At this I decided to try something out of left field.
No Neural Networks
Maybe we can create a set static schedule that would perform well? Instead of using dynamic sensor input from the induction loops, maybe we could evolve a traffic phase timing schedule for each individual junction?
I created a new agent. Simulations using this agent would just be told the same static timing for each phase of each junction on the map repeatedly. Mating across the population would swap out timings for specific timings of a given junction between two parents with a probability, and a mutation rate for a random timing, same as our neural network mating.
I thought this idea had promise. And it did outperform pure chaos, so we had that going for us. This agent had a TTT average of 402,572 seconds… right in line with the Average and History agents.
After a lot of work we called it; you can check out the paper here which goes into a bit more depth of what I discussed here. To no one’s surprise, we didn’t produce better results than default settings by domain experts, but we did show that you could get some decent results with evolved neural networks.

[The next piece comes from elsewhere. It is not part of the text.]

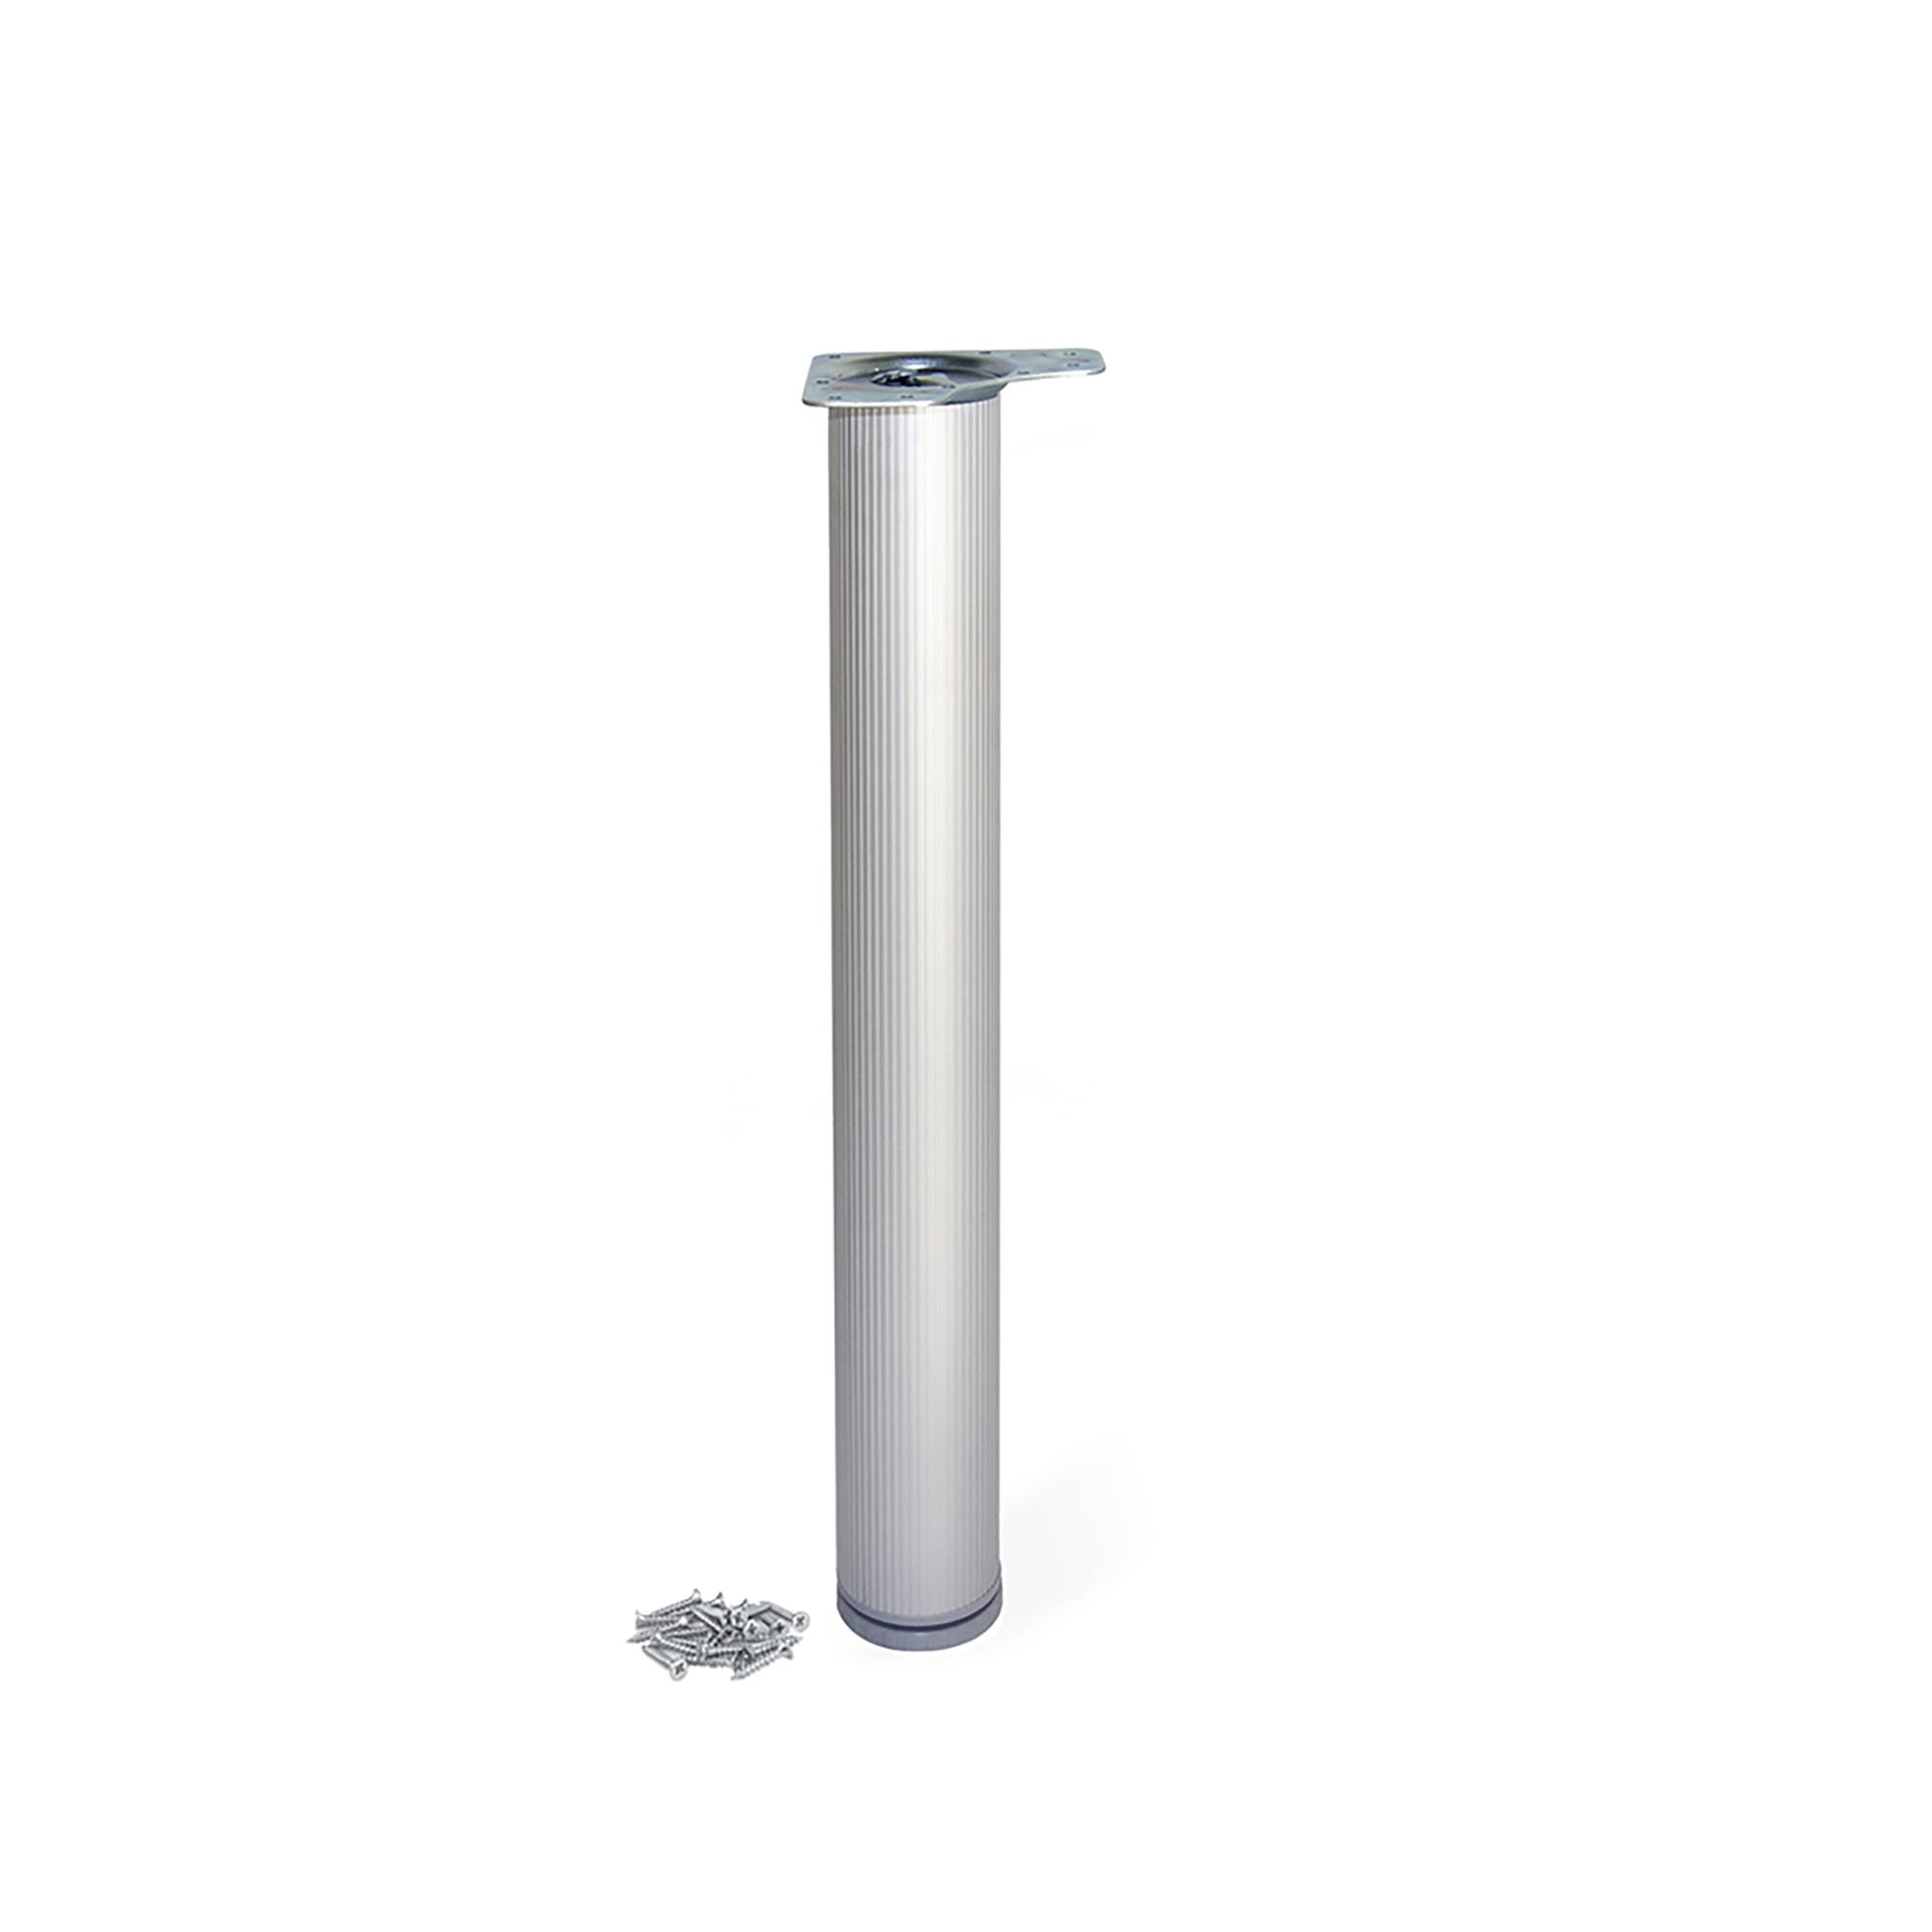 Emuca Gamba per tavolo, D. 80 mm, regolabile 710-730 mm, Alluminio, Anodizzato opaco
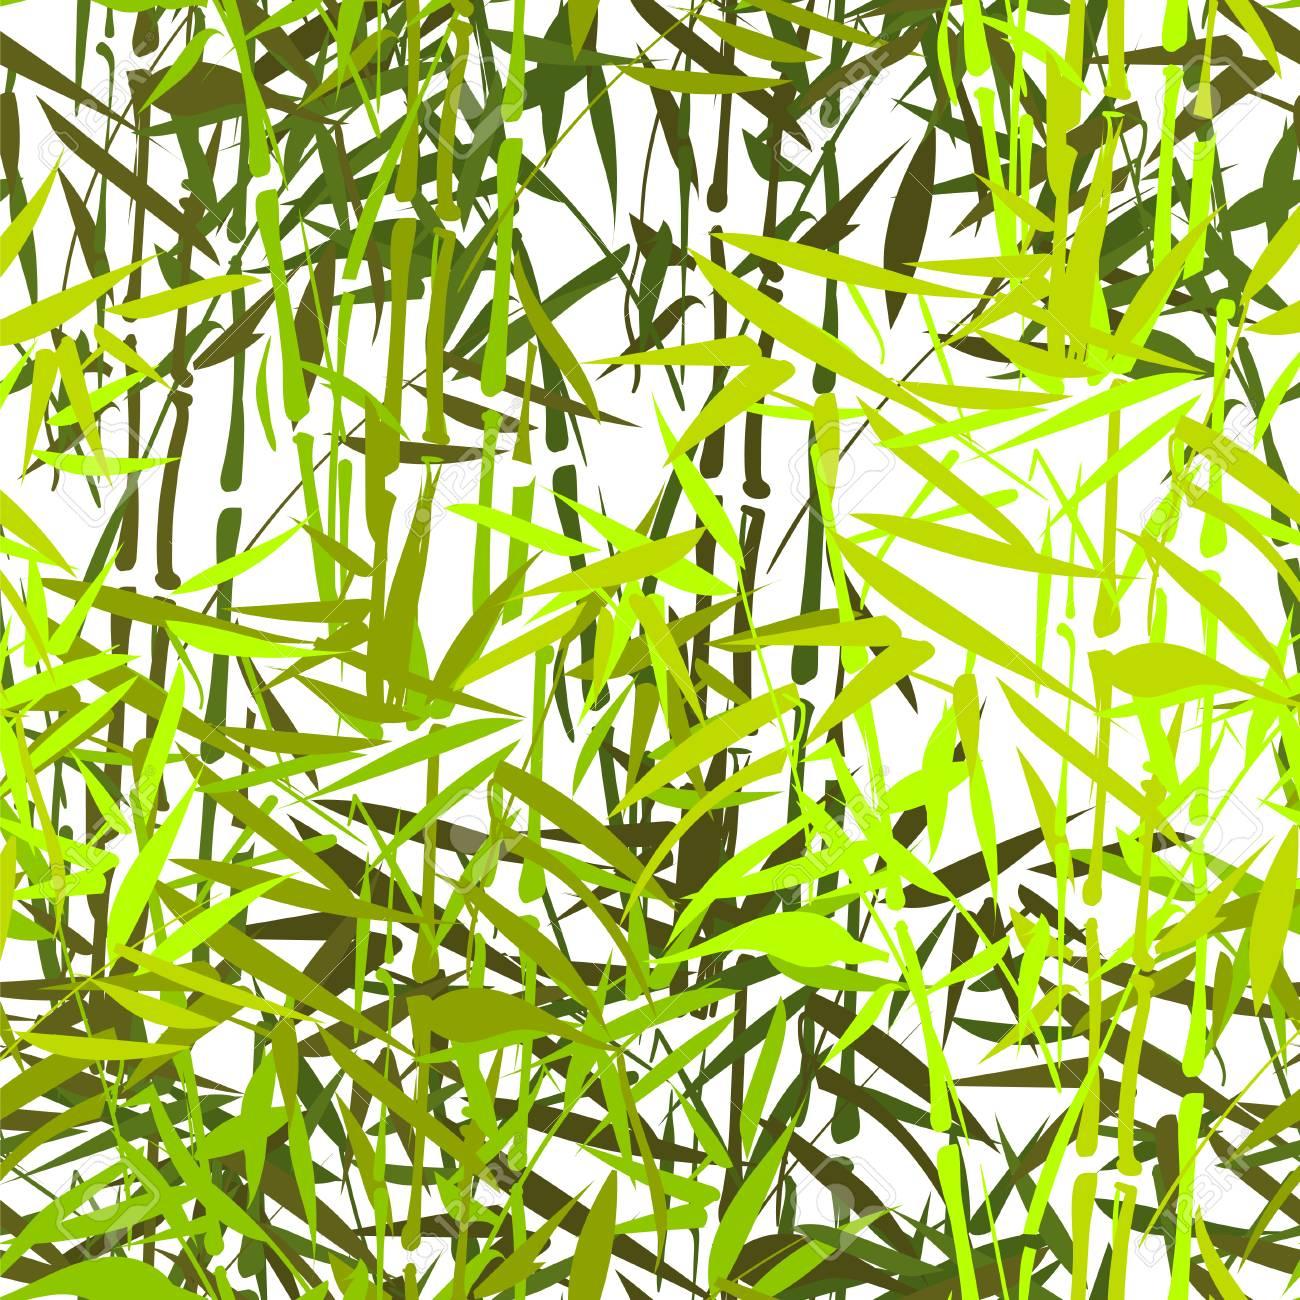 Tropischen Bambus Vektor Nahtlose Muster Auf Einem Weissen

If I was to do this again, I would probably use more reinforcement learning than just an evolutionary approach. I also would try to parallelize SUMO somehow; its nature forced us to run one simulation at a time. Even with a decently powerful computer running it, ten generations of a population of ten networks took 10 hours! Experiments were slow to get results and iteration was a crawl because of it. This is a lesson I’d learn again in the future with some reinforcement learning projects.
I know I’m a bit more patient at traffic lights now.